INFORMATION SHOWN:
=== Section Start ===

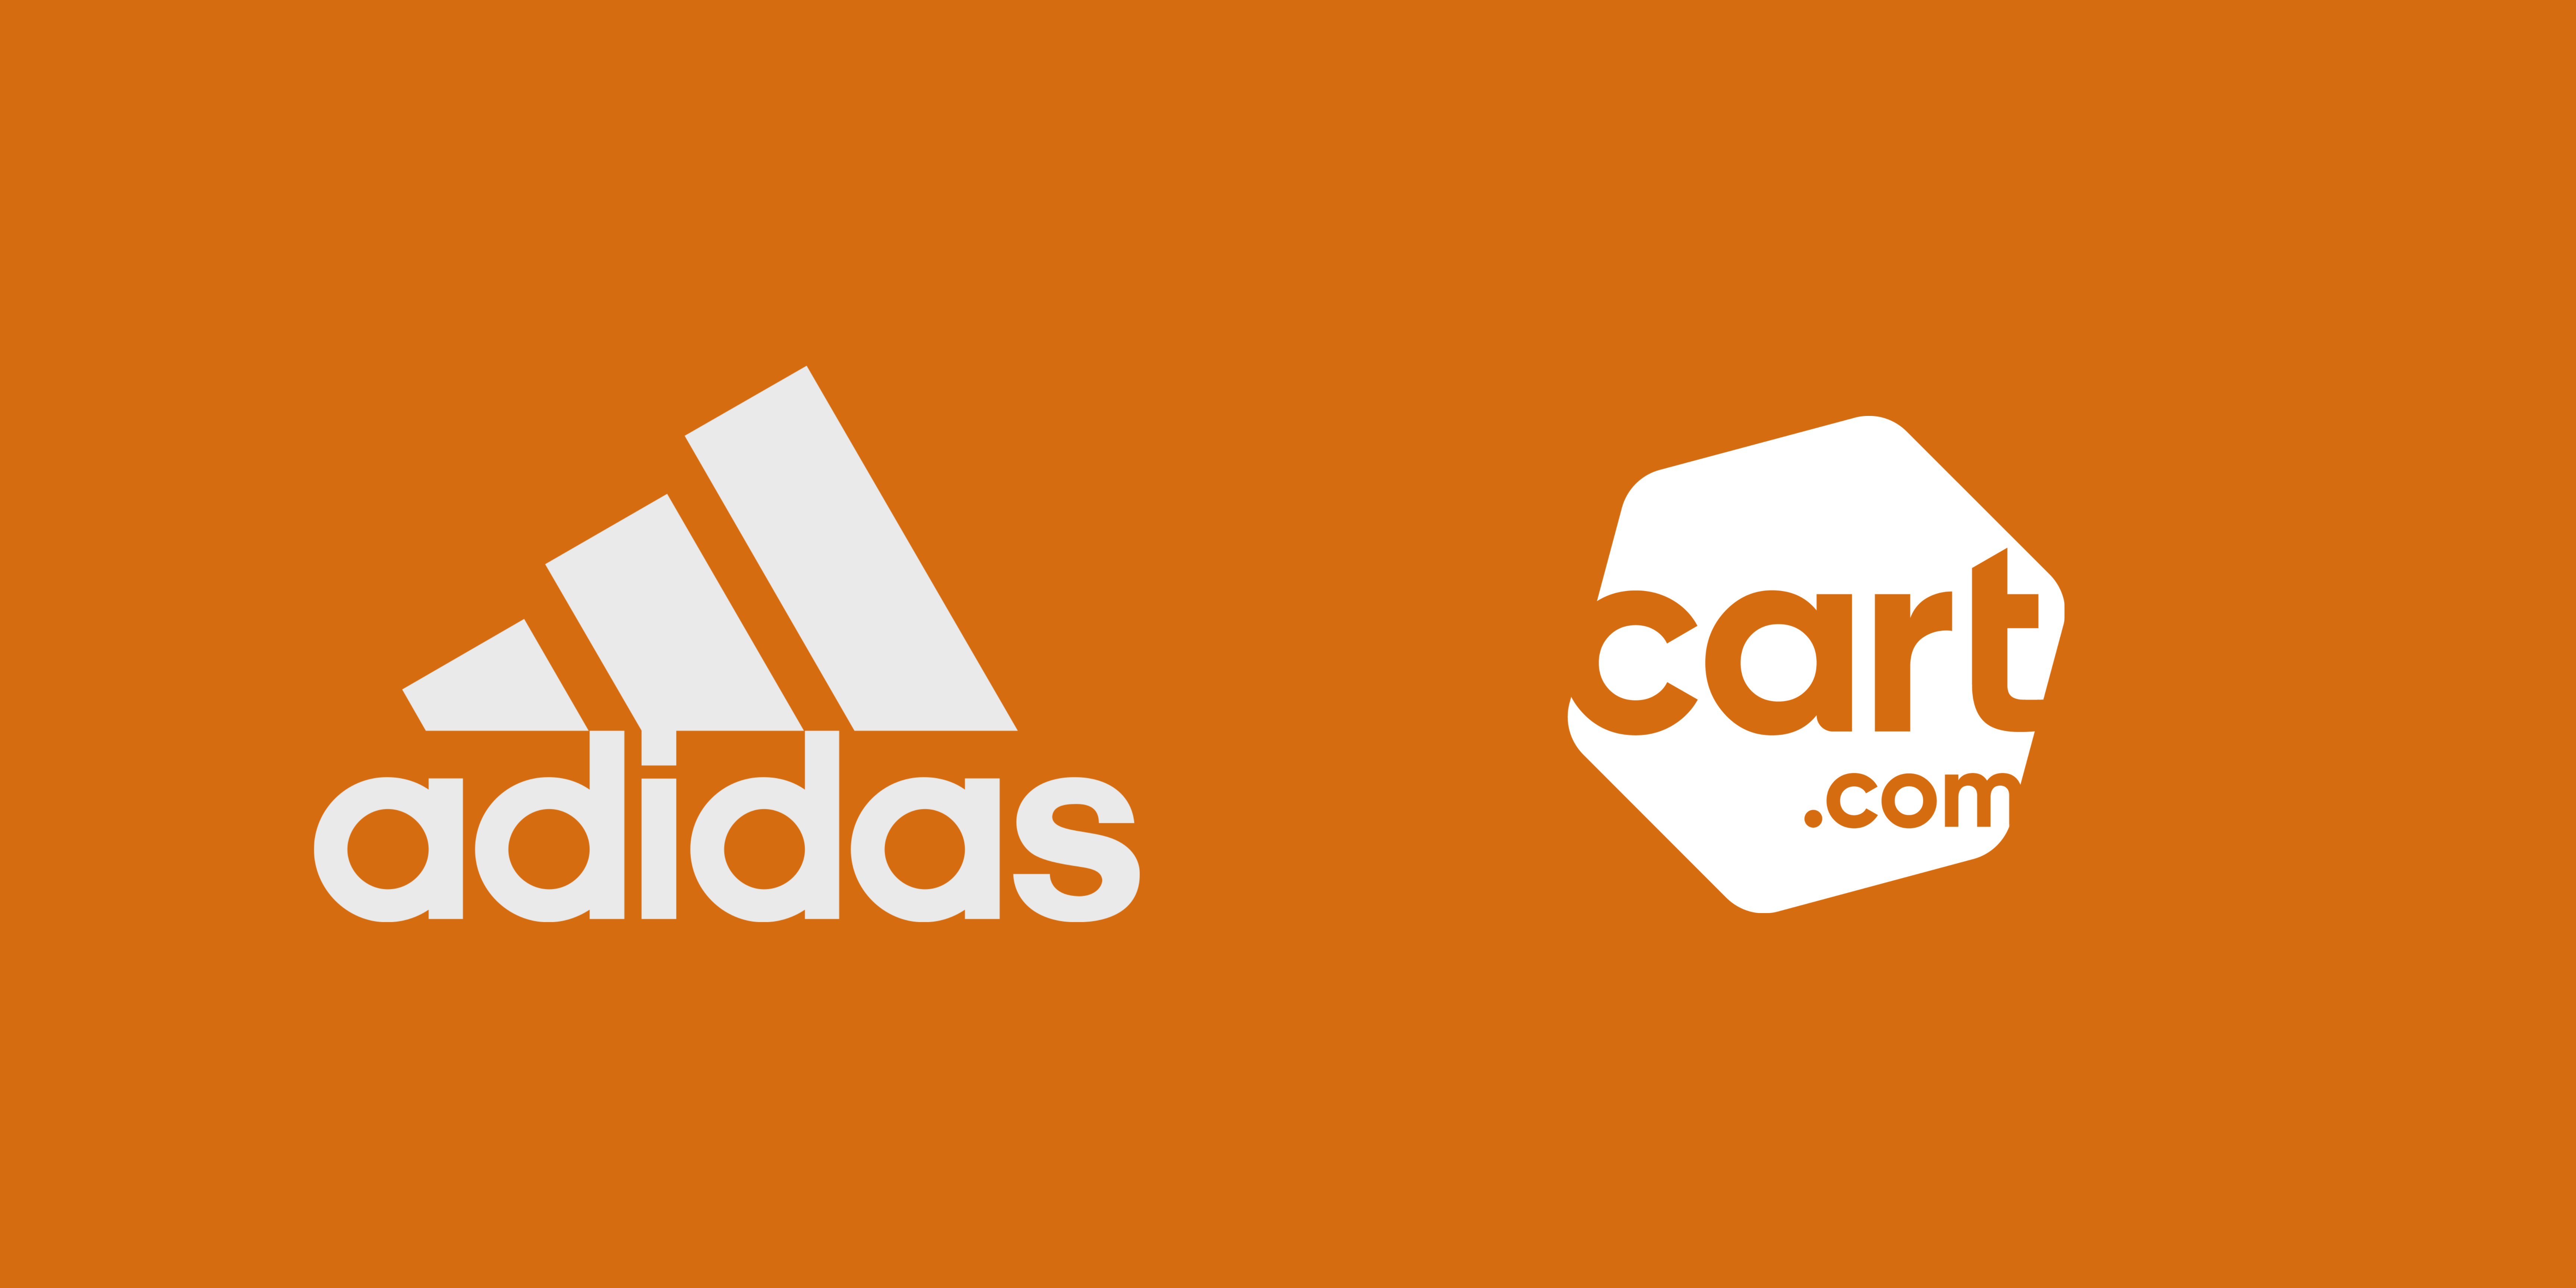 Case study: Adidas
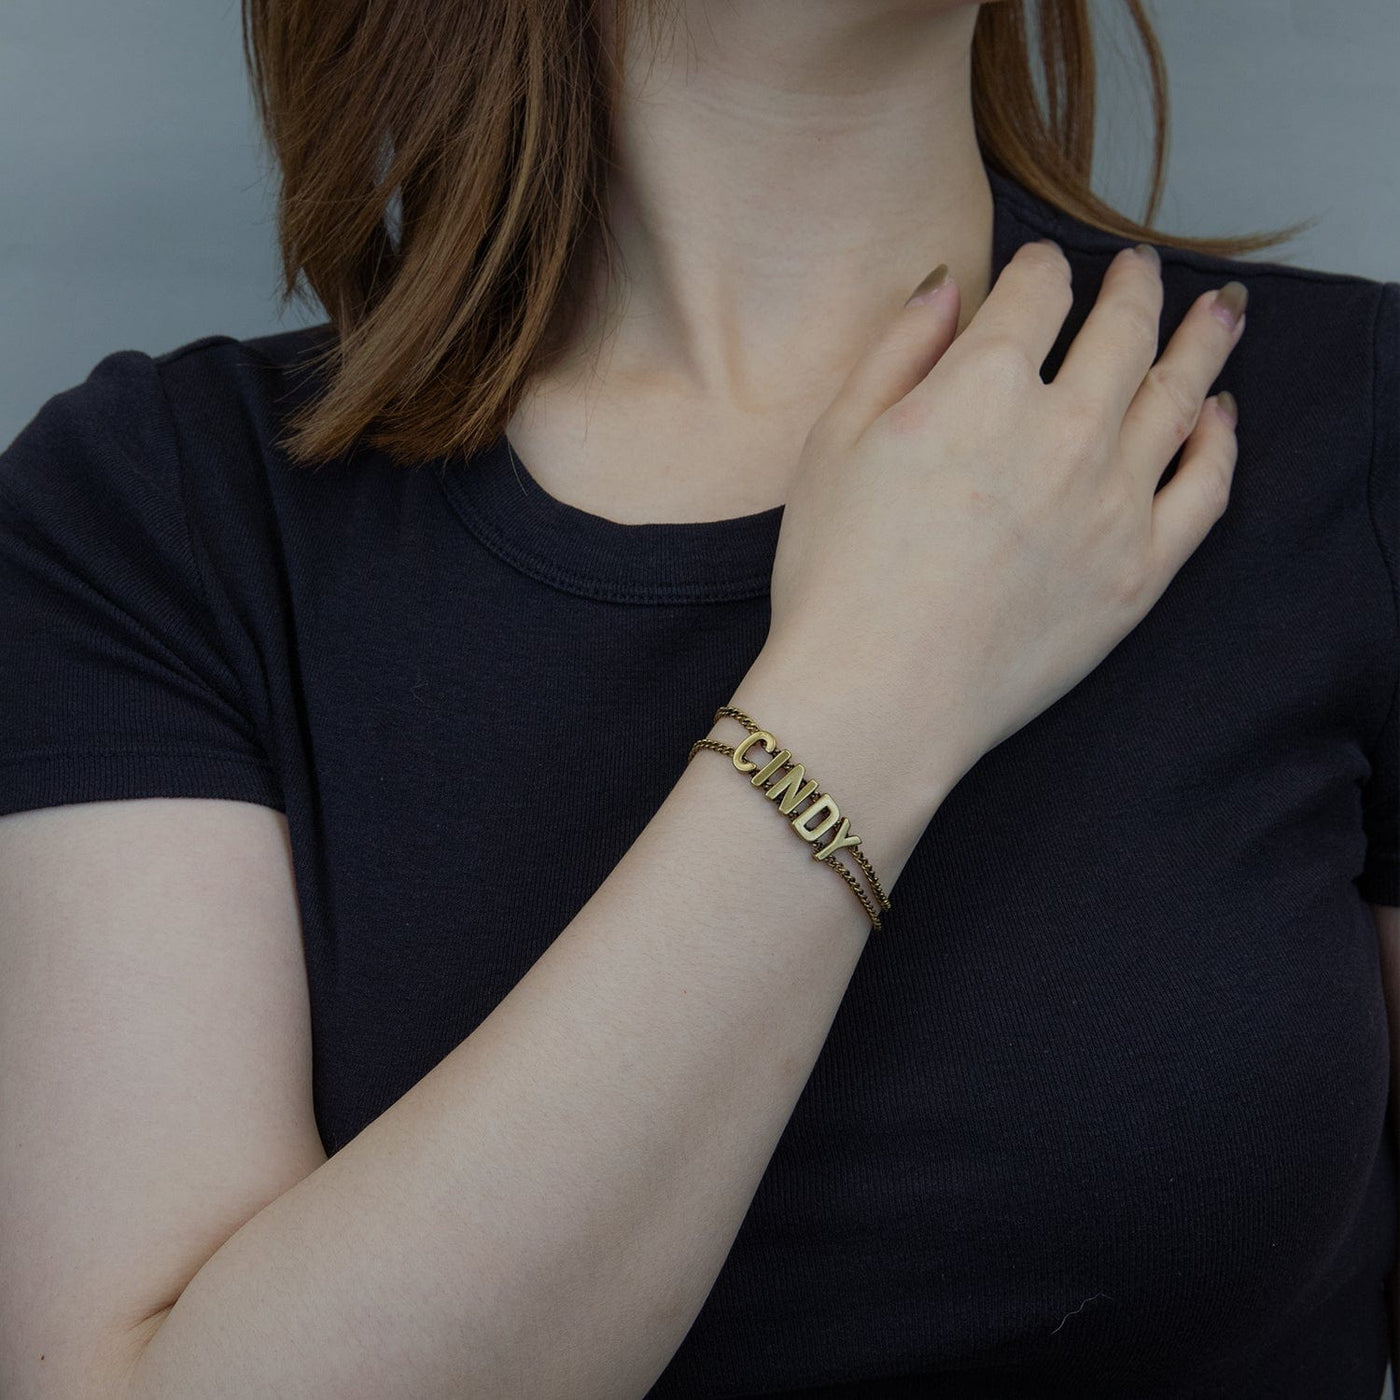 A woman wearing Cindy Personalized Name Bracelet 
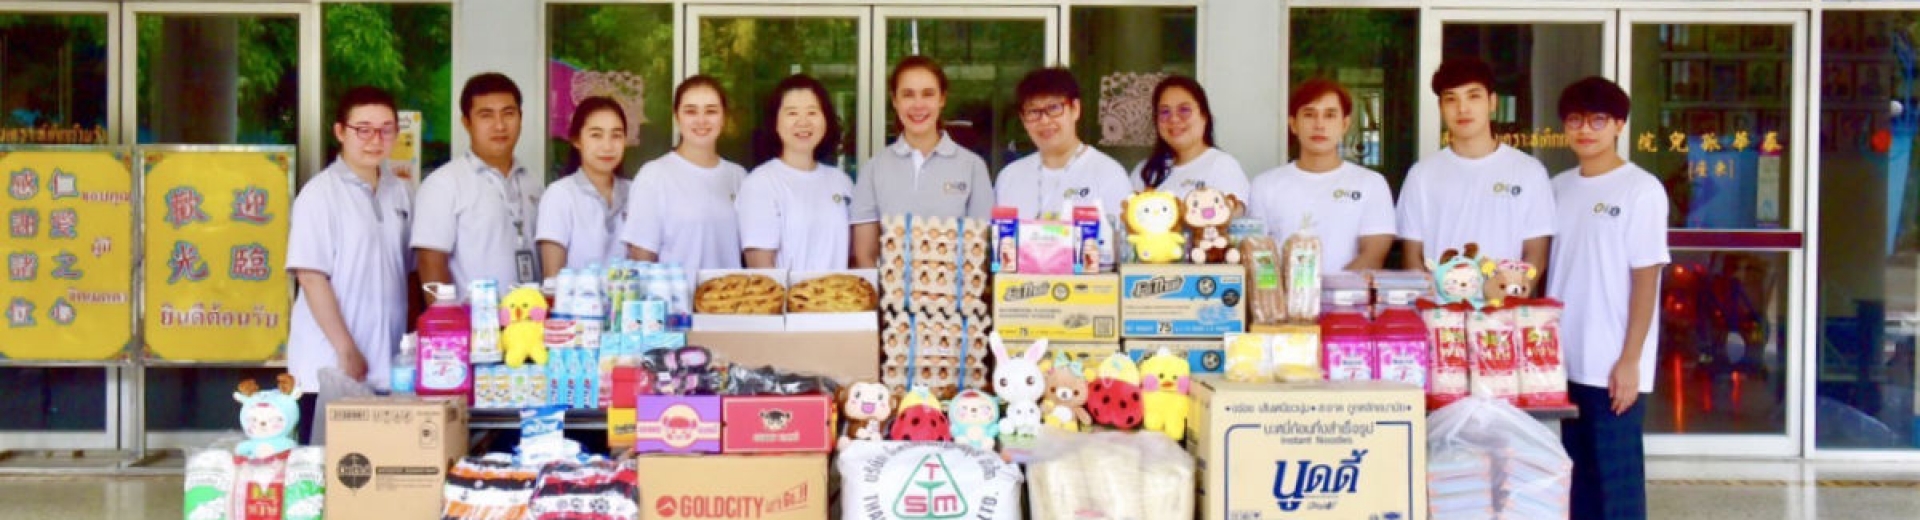 BGL Donates to Orphanage Foundation of Thailand Cover

=== Section End ===

ASSIGNMENT:
Copy each line above precisely, dropping the pictures.

WRITTEN ANSWER:
 Case study: Adidas
 A woman wearing Cindy Personalized Name Bracelet 
 BGL Donates to Orphanage Foundation of Thailand Cover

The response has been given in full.